#### [PROBLEM STATEMENT]
From the line with "uxcell Red Silicone" through the line with "1080P DVR con", repeat the entries verbatim, both end lines included, and add nothing.
===
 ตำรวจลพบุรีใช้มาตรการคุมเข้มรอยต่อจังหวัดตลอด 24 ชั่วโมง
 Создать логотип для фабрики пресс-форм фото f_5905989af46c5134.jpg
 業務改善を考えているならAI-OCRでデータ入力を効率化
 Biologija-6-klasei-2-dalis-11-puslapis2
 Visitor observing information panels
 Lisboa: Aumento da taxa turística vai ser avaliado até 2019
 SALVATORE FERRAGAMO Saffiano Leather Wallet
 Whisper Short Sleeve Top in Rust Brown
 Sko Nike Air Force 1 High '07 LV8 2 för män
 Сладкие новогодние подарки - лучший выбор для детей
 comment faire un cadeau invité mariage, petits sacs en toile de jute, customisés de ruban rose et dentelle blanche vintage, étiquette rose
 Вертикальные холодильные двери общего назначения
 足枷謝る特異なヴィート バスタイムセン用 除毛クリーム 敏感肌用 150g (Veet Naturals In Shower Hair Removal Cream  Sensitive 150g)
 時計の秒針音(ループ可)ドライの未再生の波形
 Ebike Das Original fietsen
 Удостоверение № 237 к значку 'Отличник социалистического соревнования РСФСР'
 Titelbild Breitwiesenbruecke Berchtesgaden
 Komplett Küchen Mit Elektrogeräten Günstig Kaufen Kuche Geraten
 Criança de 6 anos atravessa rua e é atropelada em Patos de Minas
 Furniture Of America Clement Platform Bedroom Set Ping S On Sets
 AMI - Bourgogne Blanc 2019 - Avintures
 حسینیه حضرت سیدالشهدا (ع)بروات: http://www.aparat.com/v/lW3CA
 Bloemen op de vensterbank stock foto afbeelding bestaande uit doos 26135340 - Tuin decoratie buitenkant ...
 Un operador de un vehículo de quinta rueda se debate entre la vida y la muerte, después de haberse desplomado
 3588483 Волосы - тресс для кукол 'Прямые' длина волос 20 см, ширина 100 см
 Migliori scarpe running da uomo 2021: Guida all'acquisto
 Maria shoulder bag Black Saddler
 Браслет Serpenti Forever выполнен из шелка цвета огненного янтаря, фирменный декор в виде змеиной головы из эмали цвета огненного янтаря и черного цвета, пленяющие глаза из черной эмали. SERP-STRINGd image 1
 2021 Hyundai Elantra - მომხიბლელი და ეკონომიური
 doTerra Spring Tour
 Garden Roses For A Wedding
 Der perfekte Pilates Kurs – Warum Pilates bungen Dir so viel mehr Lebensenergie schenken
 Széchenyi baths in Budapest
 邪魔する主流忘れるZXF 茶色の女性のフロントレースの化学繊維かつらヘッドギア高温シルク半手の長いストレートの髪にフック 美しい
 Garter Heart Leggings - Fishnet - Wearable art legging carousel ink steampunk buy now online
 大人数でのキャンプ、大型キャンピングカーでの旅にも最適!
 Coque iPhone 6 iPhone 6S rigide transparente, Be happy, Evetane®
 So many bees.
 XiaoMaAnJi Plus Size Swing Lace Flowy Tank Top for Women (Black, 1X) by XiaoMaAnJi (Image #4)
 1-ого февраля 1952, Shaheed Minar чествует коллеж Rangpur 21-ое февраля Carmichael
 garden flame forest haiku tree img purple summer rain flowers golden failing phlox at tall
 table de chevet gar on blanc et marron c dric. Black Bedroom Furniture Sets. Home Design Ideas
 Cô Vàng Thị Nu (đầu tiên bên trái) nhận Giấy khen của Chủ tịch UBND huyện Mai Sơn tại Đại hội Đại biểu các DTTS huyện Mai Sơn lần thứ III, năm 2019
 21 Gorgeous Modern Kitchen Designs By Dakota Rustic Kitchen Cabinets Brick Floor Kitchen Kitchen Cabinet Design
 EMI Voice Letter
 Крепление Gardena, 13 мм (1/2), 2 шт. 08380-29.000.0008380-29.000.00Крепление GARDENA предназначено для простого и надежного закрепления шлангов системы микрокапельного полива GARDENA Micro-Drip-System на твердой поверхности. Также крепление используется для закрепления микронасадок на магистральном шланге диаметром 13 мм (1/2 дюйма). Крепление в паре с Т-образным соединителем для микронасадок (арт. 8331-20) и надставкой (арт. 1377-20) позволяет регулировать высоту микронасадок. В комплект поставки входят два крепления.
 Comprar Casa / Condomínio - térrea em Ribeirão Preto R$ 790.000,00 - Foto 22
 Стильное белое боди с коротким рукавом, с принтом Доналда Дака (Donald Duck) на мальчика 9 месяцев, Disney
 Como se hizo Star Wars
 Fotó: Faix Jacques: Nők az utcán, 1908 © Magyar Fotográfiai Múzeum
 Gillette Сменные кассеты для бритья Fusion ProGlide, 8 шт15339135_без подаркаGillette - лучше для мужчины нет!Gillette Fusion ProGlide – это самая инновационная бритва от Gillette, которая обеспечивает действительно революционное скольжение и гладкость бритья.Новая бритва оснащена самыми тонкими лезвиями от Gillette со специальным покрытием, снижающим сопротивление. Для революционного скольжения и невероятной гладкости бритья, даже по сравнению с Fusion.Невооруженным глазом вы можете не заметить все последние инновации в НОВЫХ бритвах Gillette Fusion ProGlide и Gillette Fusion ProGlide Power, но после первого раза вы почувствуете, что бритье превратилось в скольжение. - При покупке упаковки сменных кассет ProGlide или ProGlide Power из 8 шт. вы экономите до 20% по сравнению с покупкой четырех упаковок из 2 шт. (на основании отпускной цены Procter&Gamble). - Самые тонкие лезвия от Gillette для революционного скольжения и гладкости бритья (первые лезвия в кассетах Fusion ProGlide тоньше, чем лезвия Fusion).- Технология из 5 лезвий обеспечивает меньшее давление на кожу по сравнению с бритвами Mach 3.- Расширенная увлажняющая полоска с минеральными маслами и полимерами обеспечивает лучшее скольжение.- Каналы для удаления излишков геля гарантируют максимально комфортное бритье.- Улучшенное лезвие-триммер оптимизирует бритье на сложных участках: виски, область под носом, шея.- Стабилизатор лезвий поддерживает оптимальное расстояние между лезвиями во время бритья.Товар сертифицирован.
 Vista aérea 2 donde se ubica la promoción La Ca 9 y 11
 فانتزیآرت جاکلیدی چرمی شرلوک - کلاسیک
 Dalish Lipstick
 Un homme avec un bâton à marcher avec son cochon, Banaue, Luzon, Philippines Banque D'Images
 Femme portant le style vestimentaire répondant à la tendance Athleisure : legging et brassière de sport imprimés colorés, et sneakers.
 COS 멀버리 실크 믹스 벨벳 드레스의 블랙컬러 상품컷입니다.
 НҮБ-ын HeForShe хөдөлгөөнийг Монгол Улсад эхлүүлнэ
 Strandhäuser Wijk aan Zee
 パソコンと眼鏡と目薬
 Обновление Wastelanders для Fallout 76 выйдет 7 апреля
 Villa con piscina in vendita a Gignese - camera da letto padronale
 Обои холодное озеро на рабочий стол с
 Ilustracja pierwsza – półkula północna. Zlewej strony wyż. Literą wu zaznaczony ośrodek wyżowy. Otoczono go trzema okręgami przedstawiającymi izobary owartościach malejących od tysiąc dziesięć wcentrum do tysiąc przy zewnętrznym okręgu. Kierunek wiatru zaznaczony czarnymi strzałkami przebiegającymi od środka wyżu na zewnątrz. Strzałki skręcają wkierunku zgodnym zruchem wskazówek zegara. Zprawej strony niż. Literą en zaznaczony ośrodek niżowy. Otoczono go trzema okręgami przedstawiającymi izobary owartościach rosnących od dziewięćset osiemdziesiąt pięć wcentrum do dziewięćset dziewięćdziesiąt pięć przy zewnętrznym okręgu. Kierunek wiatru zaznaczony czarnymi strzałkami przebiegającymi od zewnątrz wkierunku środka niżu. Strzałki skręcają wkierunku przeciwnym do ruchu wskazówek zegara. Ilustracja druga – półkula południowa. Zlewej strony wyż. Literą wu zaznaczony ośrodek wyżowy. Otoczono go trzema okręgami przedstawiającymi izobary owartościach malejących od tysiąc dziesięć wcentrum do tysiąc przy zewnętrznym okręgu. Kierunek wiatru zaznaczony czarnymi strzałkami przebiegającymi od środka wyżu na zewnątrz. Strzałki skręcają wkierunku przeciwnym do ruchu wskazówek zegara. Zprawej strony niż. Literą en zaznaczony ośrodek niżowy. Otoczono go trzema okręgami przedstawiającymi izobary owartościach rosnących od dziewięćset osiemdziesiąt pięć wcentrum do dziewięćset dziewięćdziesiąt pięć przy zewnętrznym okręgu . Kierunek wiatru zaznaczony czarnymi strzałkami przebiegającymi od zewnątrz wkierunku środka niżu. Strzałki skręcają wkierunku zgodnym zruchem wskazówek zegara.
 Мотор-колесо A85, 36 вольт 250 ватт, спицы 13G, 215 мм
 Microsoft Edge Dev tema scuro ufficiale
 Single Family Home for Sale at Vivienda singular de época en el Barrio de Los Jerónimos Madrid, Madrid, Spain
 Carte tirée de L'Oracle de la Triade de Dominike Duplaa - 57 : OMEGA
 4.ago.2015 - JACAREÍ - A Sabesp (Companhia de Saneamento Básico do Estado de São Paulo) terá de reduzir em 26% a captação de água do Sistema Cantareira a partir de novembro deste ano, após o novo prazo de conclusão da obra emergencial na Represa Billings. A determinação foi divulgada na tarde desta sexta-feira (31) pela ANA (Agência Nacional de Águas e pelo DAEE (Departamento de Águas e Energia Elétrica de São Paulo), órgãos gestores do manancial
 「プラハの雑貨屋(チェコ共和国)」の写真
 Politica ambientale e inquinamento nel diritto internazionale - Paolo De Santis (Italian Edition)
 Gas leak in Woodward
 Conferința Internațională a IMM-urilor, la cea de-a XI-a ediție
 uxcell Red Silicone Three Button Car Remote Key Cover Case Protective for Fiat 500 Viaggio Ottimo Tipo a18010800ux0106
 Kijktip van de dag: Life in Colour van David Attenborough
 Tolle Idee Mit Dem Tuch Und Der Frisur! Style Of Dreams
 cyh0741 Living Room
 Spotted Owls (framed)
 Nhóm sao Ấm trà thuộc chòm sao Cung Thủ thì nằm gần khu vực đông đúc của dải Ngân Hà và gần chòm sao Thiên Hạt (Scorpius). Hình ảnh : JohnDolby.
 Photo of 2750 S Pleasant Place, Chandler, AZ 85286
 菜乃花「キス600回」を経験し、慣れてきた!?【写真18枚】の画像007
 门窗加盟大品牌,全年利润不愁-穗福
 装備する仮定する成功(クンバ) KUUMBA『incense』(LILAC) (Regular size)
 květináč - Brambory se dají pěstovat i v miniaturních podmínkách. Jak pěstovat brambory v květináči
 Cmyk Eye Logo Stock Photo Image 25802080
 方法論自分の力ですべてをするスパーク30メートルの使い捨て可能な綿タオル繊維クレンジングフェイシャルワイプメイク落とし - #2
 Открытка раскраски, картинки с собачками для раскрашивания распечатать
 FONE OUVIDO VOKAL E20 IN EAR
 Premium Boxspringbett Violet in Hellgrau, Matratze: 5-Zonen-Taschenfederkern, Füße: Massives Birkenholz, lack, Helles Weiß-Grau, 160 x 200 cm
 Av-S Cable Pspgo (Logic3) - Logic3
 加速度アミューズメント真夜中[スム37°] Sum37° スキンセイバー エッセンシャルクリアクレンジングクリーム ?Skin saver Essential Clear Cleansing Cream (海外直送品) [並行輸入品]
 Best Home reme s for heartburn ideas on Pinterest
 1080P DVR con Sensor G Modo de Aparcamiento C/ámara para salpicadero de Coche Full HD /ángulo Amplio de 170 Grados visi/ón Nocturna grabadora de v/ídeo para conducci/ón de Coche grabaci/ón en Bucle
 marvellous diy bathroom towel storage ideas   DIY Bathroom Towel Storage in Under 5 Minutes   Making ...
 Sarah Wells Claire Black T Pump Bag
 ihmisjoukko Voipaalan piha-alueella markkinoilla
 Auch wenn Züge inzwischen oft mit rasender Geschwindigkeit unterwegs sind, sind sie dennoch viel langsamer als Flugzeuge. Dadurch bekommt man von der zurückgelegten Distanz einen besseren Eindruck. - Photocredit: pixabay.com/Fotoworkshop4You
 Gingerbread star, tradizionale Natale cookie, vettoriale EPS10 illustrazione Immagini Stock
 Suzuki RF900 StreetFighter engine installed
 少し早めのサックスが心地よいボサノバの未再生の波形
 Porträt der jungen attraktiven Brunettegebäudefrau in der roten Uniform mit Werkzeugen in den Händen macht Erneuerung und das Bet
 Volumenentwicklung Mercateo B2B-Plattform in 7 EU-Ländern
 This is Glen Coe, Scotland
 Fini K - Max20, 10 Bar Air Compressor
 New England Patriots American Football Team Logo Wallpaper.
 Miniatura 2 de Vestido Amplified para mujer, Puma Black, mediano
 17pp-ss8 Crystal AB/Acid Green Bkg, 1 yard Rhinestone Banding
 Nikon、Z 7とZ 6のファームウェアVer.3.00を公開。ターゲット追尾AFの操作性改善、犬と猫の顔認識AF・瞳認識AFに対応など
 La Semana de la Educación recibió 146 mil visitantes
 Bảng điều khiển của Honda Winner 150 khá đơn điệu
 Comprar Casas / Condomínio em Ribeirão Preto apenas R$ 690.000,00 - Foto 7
===
#### [SOLUTION TO THE PROBLEM]
 uxcell Red Silicone Three Button Car Remote Key Cover Case Protective for Fiat 500 Viaggio Ottimo Tipo a18010800ux0106
 Kijktip van de dag: Life in Colour van David Attenborough
 Tolle Idee Mit Dem Tuch Und Der Frisur! Style Of Dreams
 cyh0741 Living Room
 Spotted Owls (framed)
 Nhóm sao Ấm trà thuộc chòm sao Cung Thủ thì nằm gần khu vực đông đúc của dải Ngân Hà và gần chòm sao Thiên Hạt (Scorpius). Hình ảnh : JohnDolby.
 Photo of 2750 S Pleasant Place, Chandler, AZ 85286
 菜乃花「キス600回」を経験し、慣れてきた!?【写真18枚】の画像007
 门窗加盟大品牌,全年利润不愁-穗福
 装備する仮定する成功(クンバ) KUUMBA『incense』(LILAC) (Regular size)
 květináč - Brambory se dají pěstovat i v miniaturních podmínkách. Jak pěstovat brambory v květináči
 Cmyk Eye Logo Stock Photo Image 25802080
 方法論自分の力ですべてをするスパーク30メートルの使い捨て可能な綿タオル繊維クレンジングフェイシャルワイプメイク落とし - #2
 Открытка раскраски, картинки с собачками для раскрашивания распечатать
 FONE OUVIDO VOKAL E20 IN EAR
 Premium Boxspringbett Violet in Hellgrau, Matratze: 5-Zonen-Taschenfederkern, Füße: Massives Birkenholz, lack, Helles Weiß-Grau, 160 x 200 cm
 Av-S Cable Pspgo (Logic3) - Logic3
 加速度アミューズメント真夜中[スム37°] Sum37° スキンセイバー エッセンシャルクリアクレンジングクリーム ?Skin saver Essential Clear Cleansing Cream (海外直送品) [並行輸入品]
 Best Home reme s for heartburn ideas on Pinterest
 1080P DVR con Sensor G Modo de Aparcamiento C/ámara para salpicadero de Coche Full HD /ángulo Amplio de 170 Grados visi/ón Nocturna grabadora de v/ídeo para conducci/ón de Coche grabaci/ón en Bucle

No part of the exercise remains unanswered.